Mar 29, 2020 News
By Kiana Wilburg
In his book, The Plundered Planet, economist Sir Paul Collier tells us that the corruption of an electoral process leads to worse economic policies. Interestingly, the Professor of Economics and Public Policy says that this is far more likely to happen in a society with an abundance of natural assets.
Seeing the state of affairs in Guyana, through the lens of the foregoing perspective, the tainted integrity of the electoral process is unequivocally, a heart-wrenching issue for Attorneys-at-Law, Timothy Jonas and Sanjeev Datadin. They both agree with Collier’s point on the far reaching effects of a corrupt electoral process which goes beyond the international sanctions that have been referred to on numerous occasions.
Speaking with Kaieteur News last evening, Jonas said, “The only reason you can even talk about such policies is if the government is answerable to the people. If it isn’t, then it can do whatever it wants, disastrous or not as it is secure in the knowledge that it will stay in government. That is why (the late Linden F.S) Burnham oversaw the destruction of the economy from 1970 to 1985.”
During the Burnham era, Jonas recalled that the former President banned flour and all imports. He reminded that while Guyana was rejected by institutions like the International Monetary Fund (IMF) and the World Bank, Burnham was able to remain in power thanks to electoral fraud. “So the worst harm that can happen to a country is electoral fraud because your leaders aren’t accountable to you anymore…They do not fear the people. And this has a wider picture that we have to pay attention to,” the lawyer contended.

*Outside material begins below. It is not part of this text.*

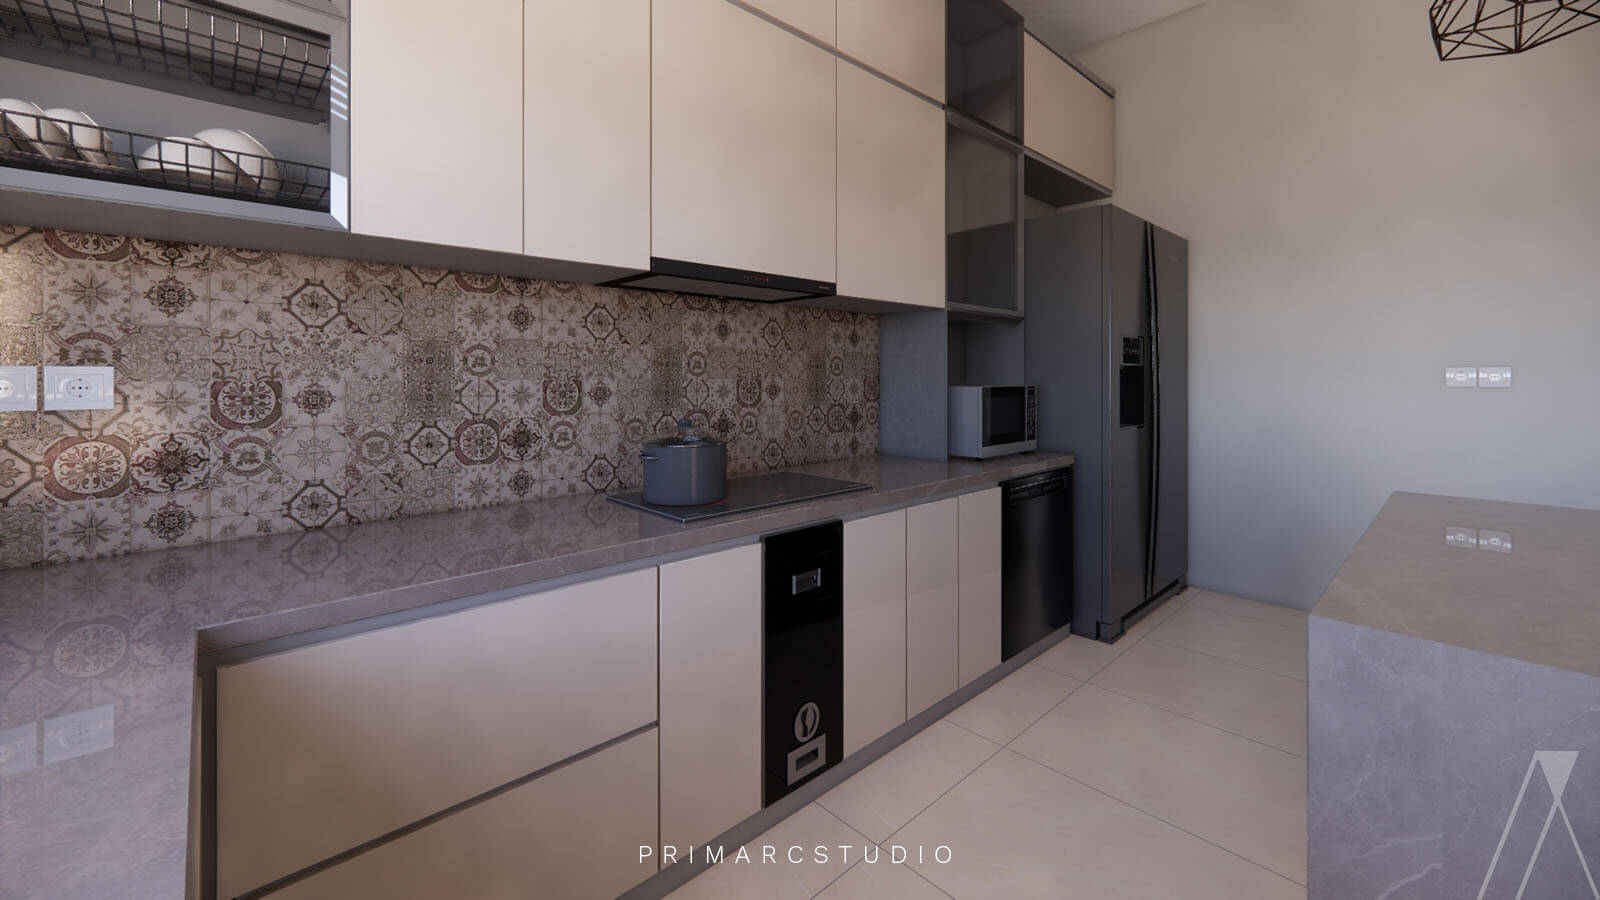 Pattern tile on the wall and kitchen interior design by Primarc Studio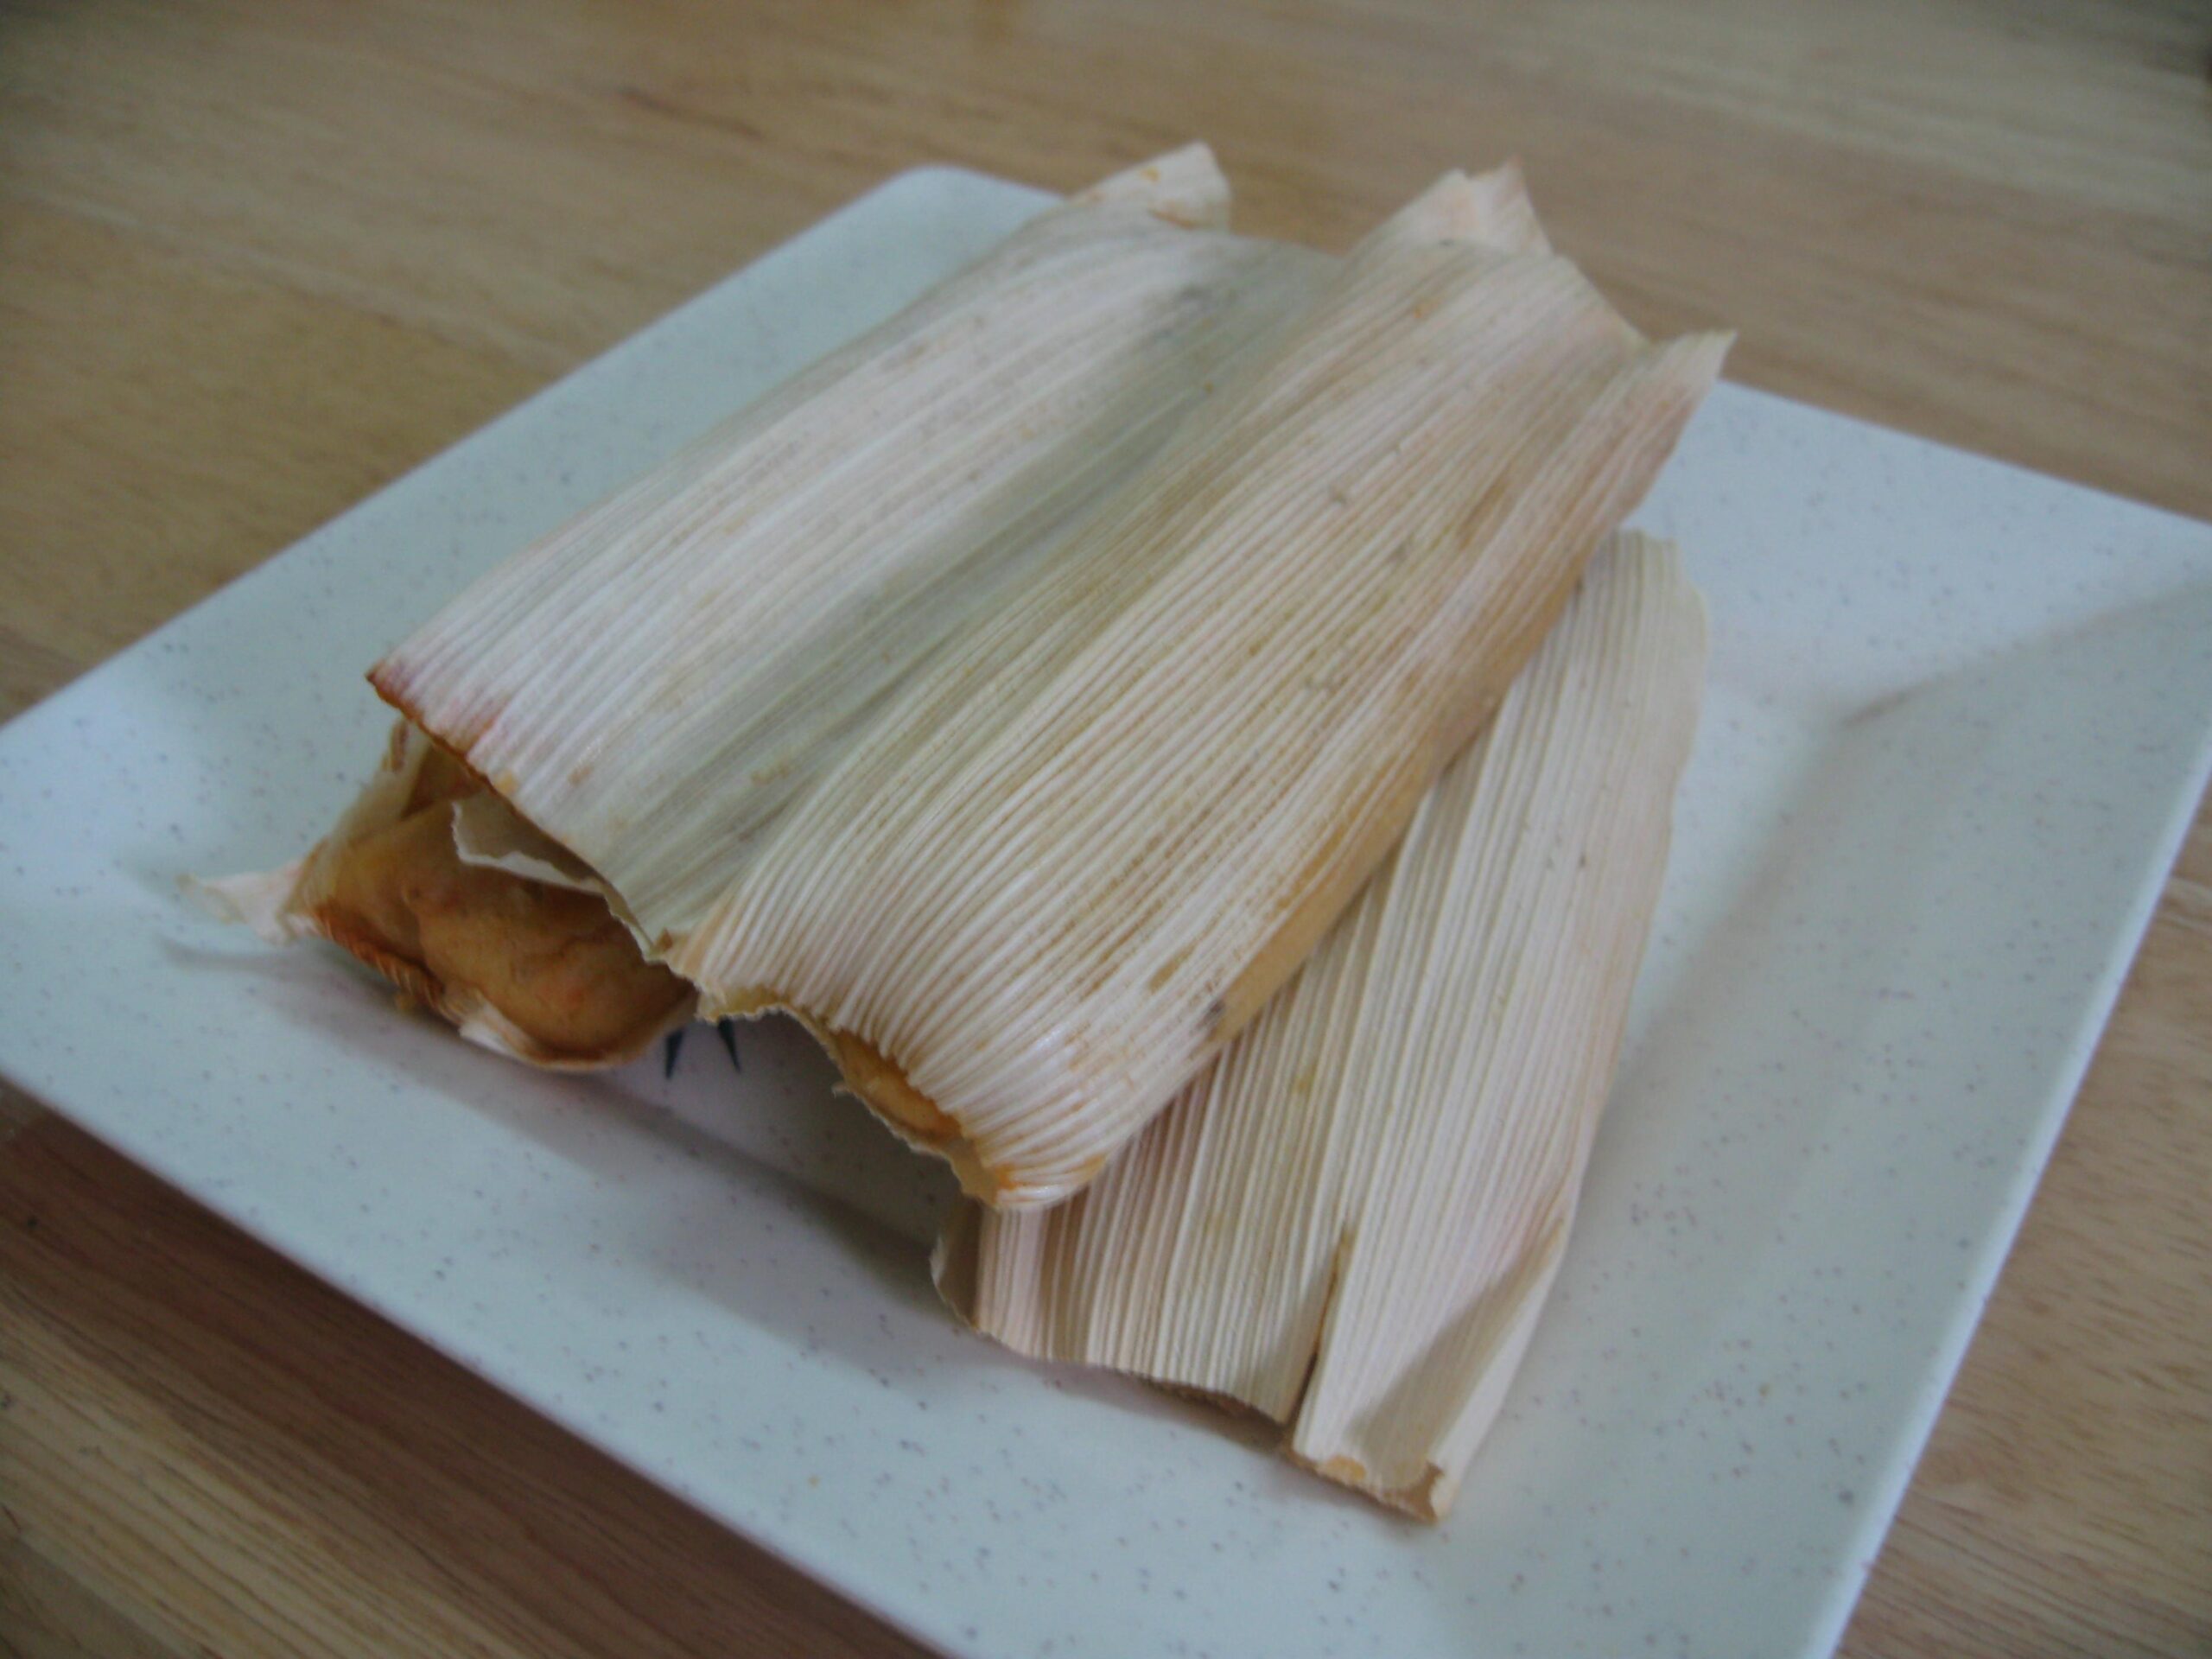  These tamales are like a fiesta in your mouth - the perfect party food!

Adding to his argument, Jonas who serves as Chairman of A New and United Guyana (ANUG), said that when the citizenry had enough of the People’s Progressive Party (PPP) and its corruption, despite having a larger ethnic support base, the PPP was voted out in a fair election. Jonas fears that this might never happen again. Now that the right of the people to discipline the government of the day is being trampled upon, Jonas said that the only next powerful recourse is the international community.
In sharing his perspective, PPP Candidate and Attorney-at-Law, Sanjeev Datadin stressed that an electoral process that does not give rise to leaders who reflect the will of the people is also a guaranteed incentive for those beneficiaries of a corrupt process to implement laws and policies that suit their interest.
Expounding further, Datadin said, “…There would be no incentive for that government to pursue programmes that have wide support, to implement laws and accept minimum standards, and guide how things are going to be done in the interest of the people because essentially, they wouldn’t care what the people think.”
The lawyer also posited that another challenge, which arises is that institutions with the capacity to formulate and introduce the best plans, frameworks and economic strategies would not want to be associated with the said government and importantly, that government would have no reason to engage such people.
In addition to this, Datadin argued that one of the dangers of having a government via a failed electoral process is that they become echo-chambers.
“Basically, you get surrounded by ‘Yes men’; you don’t get capable and educated people coming there because you have no incentive to pursue that. Echo-chambers are dangerous because essentially, an entire nation will become subjected to the limitations of the most powerful in the echo-chamber which would usually be the leader,” Datadin said.
Overall, he said that there would be no incentive to introduce laws for the benefit or betterment of the people. Instead, he opined that the nation would see laws, which concentrate power in the hands of the government. He said that doing this is tantamount to reducing the rights of the population. “That is what a failed electoral process will bring us,” the lawyer said.
HAPHAZARD & THOUGHTLESS
Datadin was keen to remind that on the 2015 election campaign trail, the Coalition Administration gave the people a solemn promise that it would rectify the ills that came with the PPP and within 100 days, it would achieve several goals.
“But this was not done. When they came in, Guyana had just discovered oil and from all that I, and other observers, have seen, they have successfully done more to undermine Guyana’s position of strength as well as the benefits we should have gotten from our petroleum resources and it was done in such a haphazard, thoughtless and purely simplistic way, that it is difficult to contemplate that there ever was a plan,” the PPP Candidate argued.
He added, “You couldn’t have a plan and end up with the results of where we are today. So the people in 2020 decided that they wanted better managers and that process is not being allowed to be transparent, fair and credible.”
Datadin argued that the failings of the APNU is the reason why the people want change and exercised their power to do so on March 2, last.
“But if you aren’t allowed to have change because the electoral process is corrupted, then the mismanagement of the resources will simply continue,” the lawyer concluded.